Стас об устройстве ада никогда не задумывался. До сегодняшнего дня. Теперь, когда приговор был оглашен, в голову полезли непрошеные воспоминания о рассказах старых знакомых, еще трущобных. Парни, кому удалось выбраться, бледнели при упоминании заключения, хоть не боялись ни бога, ни черта, ни полиции.
Помещение отдела тестирования осужденных — ОТО — находилось все в том же здании следственного изолятора. Сразу после суда молодого человека перевели в ведение ОТО.
— Имя, фамилия, статьи, срок заключения? — безразлично поинтересовался толстый усатый мужик в сержантских погонах, сидевший за большим монитором.
— Станислав Ветровский, шесть-три-один, пункт «би», и семь-два-ноль, пункт «си», пять лет.
Сержант удивленно поднял взгляд.
— Я смотрю, тебя по полной закрыли, парень, — почти с сочувствием сказал он. — Ладно, что теперь… Профессия, навыки вождения, особые умения?
— Обучался на психолога, почти окончил второй курс. Вожу гравицикл по правам, умею водить автомобиль, но прав нет. Особые умения — влипать в неприятности, — максимально равнодушно проговорил Стас. Он понимал, что нарываться не стоило, но интуиция подсказывала, что этот человек сам по себе ему зла не желает и даже чуть жалеет.
— Ты особо не зубоскаль тут, а то и без зубов остаться можно. — Сержант даже не улыбнулся. — Здесь у меня почти все такие… с особым умением влипать в неприятности. Одна ошибка — ты не влип, ты вляпался по самую макушку. И от того, как ты себя здесь поведешь и покажешь, зависит то, в каких условиях ты проведешь остаток жизни. А ты молодой, сильный, лет тридцать выдержишь, поприносишь пользу… государству.

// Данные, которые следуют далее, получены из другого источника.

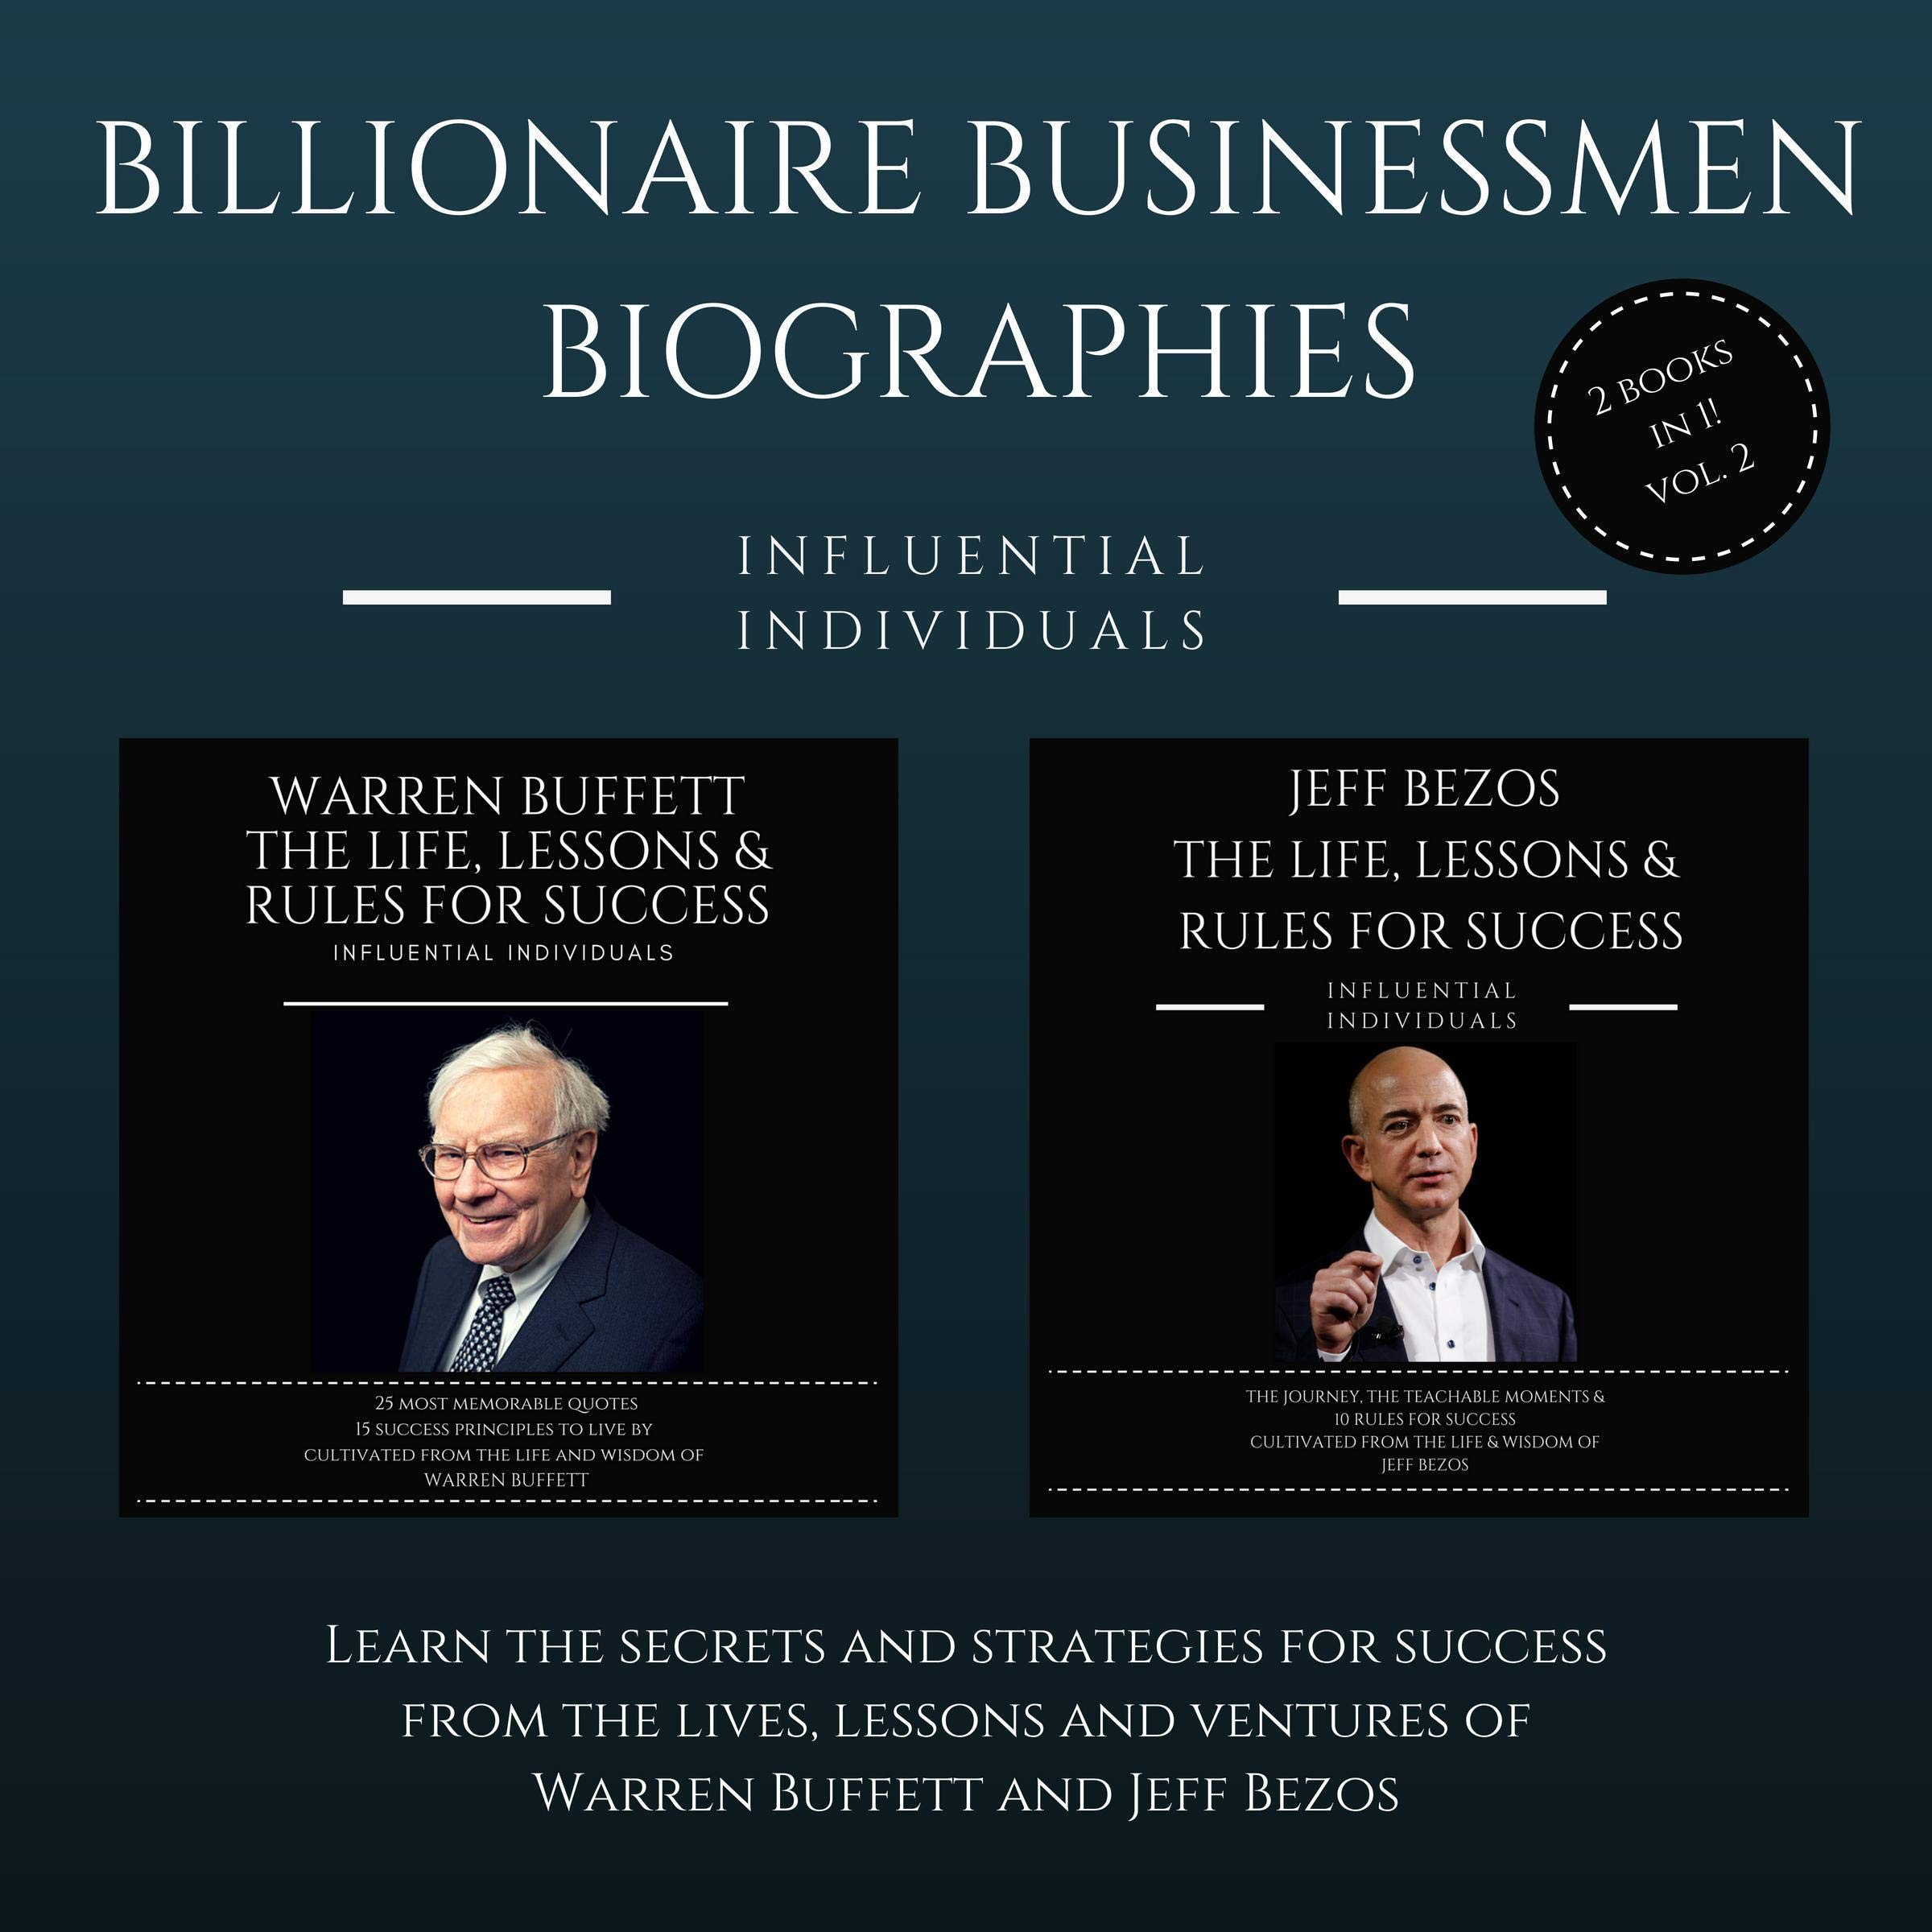 Billionaire Businessmen Biographies: 2 books in 1! (Vol. 2): Warren Buffett: The Life, Lessons & Rules for Success and Jeff Bezos: The Life, Lessons & Rules for Success

— Я приговорен к пяти годам, — поправил Стас.
— Ага, именно. А за год набираешь взысканий примерно на год. Вот и считай: год сидишь — год добавляется, год сидишь — год прибавляется. Так что…
— Но ведь выходят некоторые!
— А если хочешь выйти, и вовсе слушайся меня больше, чем отца родного!
— Я сирота.
— Мне какое дело? Короче, слушай сюда. Мне тебя, честно скажу, жаль. Потому на тестах распоряжусь гонять как проклятого. Авось получишь приличное распределение. А сейчас… так, куда бы тебя… ну, пусть будет второй сектор. Эй вы, там! Конвой! Второй сектор, четырнадцатая камера.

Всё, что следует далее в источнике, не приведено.